Поезд встречали двое – тётка и бородач. Капитан каким-то внутренним чутьем почувствовал тётку Марию и конец своего путешествия и наполнился, в который раз за дорогу, счастьем, подпрыгивающим ликованием.
– Вот! – через каких-нибудь пять минут воскликнул капитан и, израсходовав на улыбку весь имеемый сахар, указал на гроб: – Сам!
Он чуть не добавил: «Красивый сам собой», но вовремя спохватился. Ему опять стало хорошо. Это «хорошо» накатывало на него волнами, и сейчас он был просто рад за себя, за Иванова, за окружающую среду, опять за себя, за тётку Марию, как будто привёз ей не гроб, а кусок золота. И вообще, чем дальше от флота, тем больше он испытывал за него гордость; гордость за нашу боеготовность, ощущал прочные узы родства…
– Что ещё… документы, фотографии – вот!
– Слышь, милок, – неуверенно засомневалась тётка Авария, – а вроде… это и не Мишка вовсе… Иванов-то… я его маленьким помню, после не видала… позабыла уже, а волосики у него вроде черные были, да и курносый он, а этот какой-то… лысый, что ли?
Дитя флота мгновенно приехало на землю. Капитана прошиб крупный пот, все вокруг промокло и стало гнусным.
– Да ты что, мать! – земля уверенно поехала из-под ног. – КАК НЕ ТОТ?!
– МАТЬ!!! – заорал он, вложив в этот крик все свои раны, отчаянье, цинк, бригадира, дорогу, чёрт-те что. – Мать! Это ж… не мальчик кудрявый, это ж… мужчина, и потом он… эта… под водой, подводник он, мать, подводник, а там не то что на себя, на лошадь не будешь похож!
– Ну тогда ладно… конечно… чего уж там… это я так, – быстро согласилась, испугавшись его, тётка Мария и виновато уставилась под ноги. Бородатый с ходу понял, в чем затор.
– Вылитый Мишка, – он тоже испугался, что поминок не будет и этот сейчас подхватит гроб и поминай как звали, – вылитый. Я его, мерзавца, вот с такого возраста, – (он отмерил сантиметров двадцать), – знаю. Вылитый.
– Ну вот! – вырвалось у капитана. К нему сразу вернулась ушедшая было куча здоровья. – Дааа, ну ты, мать, даёшь! Мишку не узнать, а? Дааа! – теперь ему опять стало хорошо, даже как-то молодцевато стало, раскудрись оно провались!
– Ну ладно, граждане, – махнул рукой куда-то в сторону капитан, – вам – туда, а мне – обратно. Извините, если что…
– Ну нет, милый, ты чего эта? – бородач встал рядом. – Привез и давай мотаем? Вам, значить, туда, а нам отсюда, так, что ли? А поминки? А народ? Не пустим! – он вдруг взял капитана под локоток. Рука у деда была деревянная, и капитан понял – точно, не пустят.
– Так… флот же тоже ждет… боевые кораб-лиии, – замямлил он.
– Подождет, не обломится, – обрубил бородач, – народ тебя ждет.
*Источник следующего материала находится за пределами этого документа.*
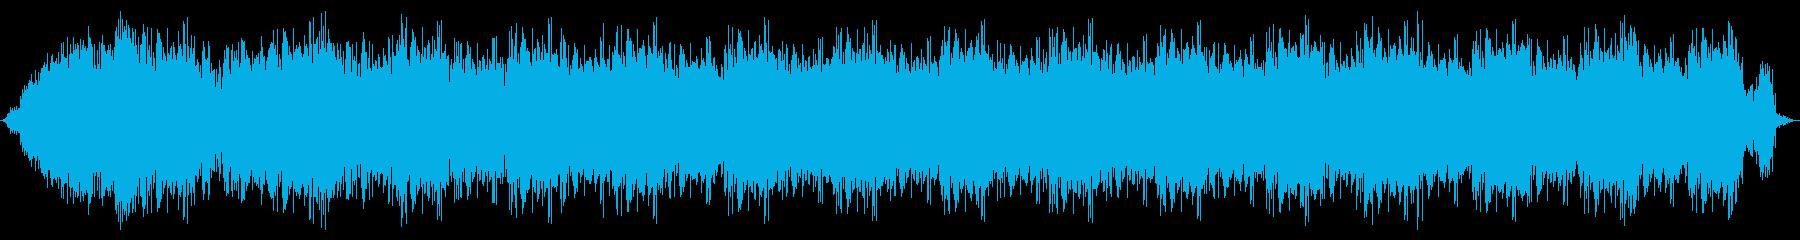 炎上(ゴーー)の再生済みの波形

А мы тебе справку заделаем… печать… вроде ты у нас приболел, что ли, – борода так захохотал, что какая-то впереди крадущаяся тётка с кошелкой присела, дернула головой, заверещала: «Милиция!» – и мотанула куда-то совсем.
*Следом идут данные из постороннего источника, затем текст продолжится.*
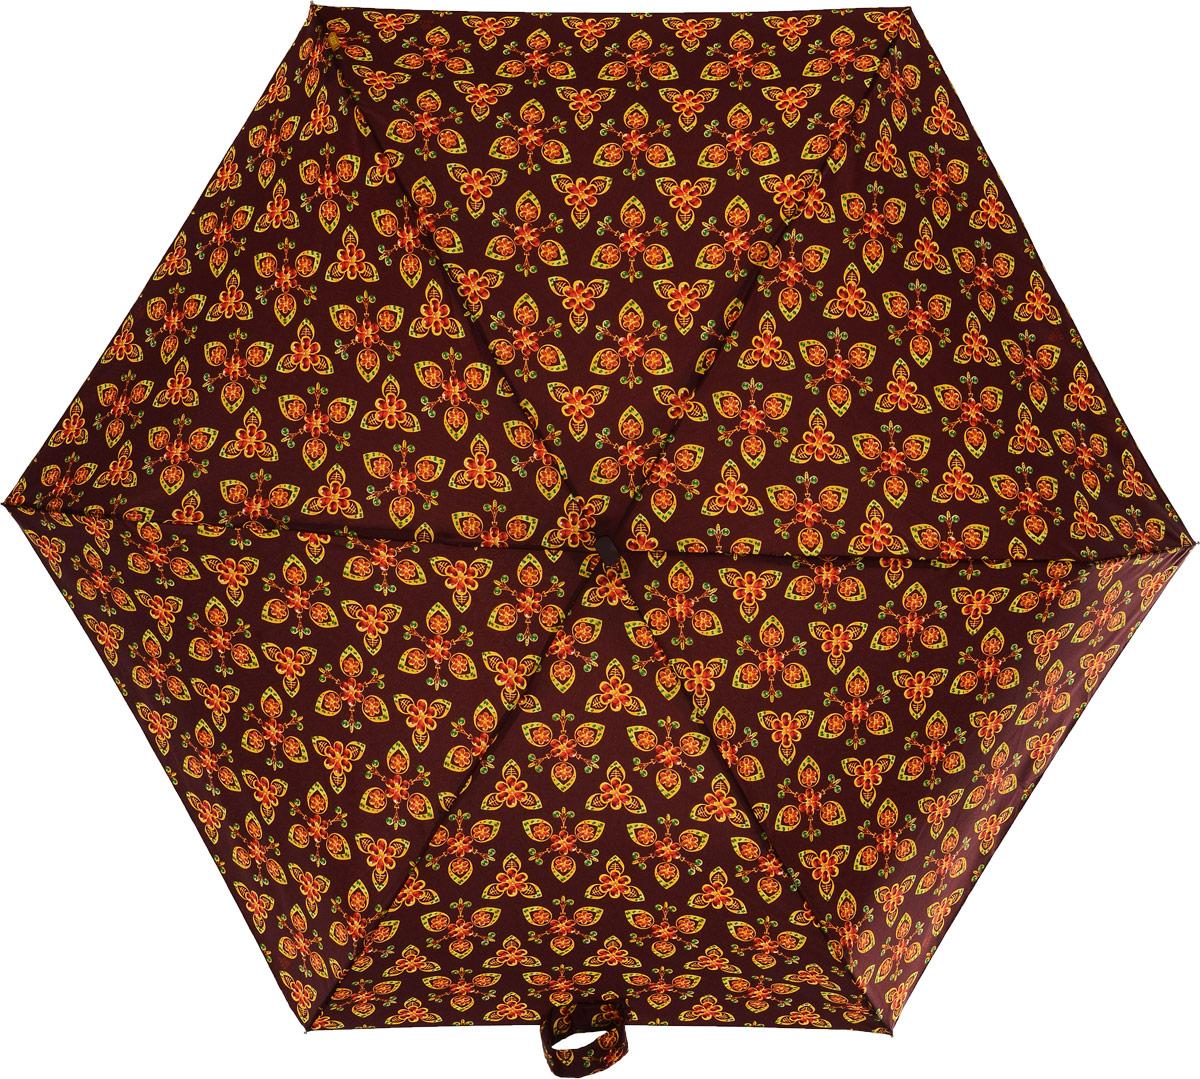 Зонт женский Zest, механический, 5 сложений, цвет: бордовый, оранжевый, желтый, зеленый. 25518-65425518-654Невероятно компактный и легкий зонт Zest имеет 5 сложений. Модель зонта складывается и раскладывается механически. Удобная ручка выполнена из пластика с прорезиненным нанесением, приятна на ощупь. В сложенном состоянии зонт занимает очень мало места, и его удобно будет носить с собой даже в маленькой сумочке. К зонту прилагается чехол.

Действительно, все было готово. С Ивановым разделались в момент. Никто так и не вспомнил, был ли он черным или, может, сразу лысым. Праздничный стол раздался в осеннем великолепии. Это был какой-то ведерный край: в середине стола стояла такая ужасная бутыль самогона, такой величины и прозрачности, что сквозь неё была полностью видна высоко поднятая табуретка.
За столом сидели старики и старушки, празднично убранные. На стариках так горели ордена и медали, что стояло сплошное сияние. У одного векового деда, с серебряной в пояс бородой, кроме всего прочего было ещё четыре Георгиевских креста.
Через двадцать минут за столом все были свои. Старики с интересом рассматривали Мишкины медали за десять и пятнадцать лет безупречной службы. Они передавали их друг другу, и каждый обязательно переворачивал и читал вслух.
– Дааа. Нам такие не давали. Они теперь вон какие. Молодца, Мишка, молодца, не посрамил, дааа…
Вскоре капитан решил, что ему нужно что-то сказать, а то через пару минут, он так прикинул, сказать он уже ничего не сможет, через пару минут он уже сможет только закивать это дело. Он встал и сначала бессвязно, а потом все лучше и лучше начал говорить про флот, про море, про Мишку, которого совсем не знал, и чем больше он говорил, тем больше ему казалось, что он говорит не про Мишку, а про себя, про свою жизнь, про службу, про флотское братство, которое, гори оно ясным пламенем, все равно не сгорит, про Родину, про тех, кто её сейчас защищает и, в случае чего, не пожалеет жизни, про священные рубежи…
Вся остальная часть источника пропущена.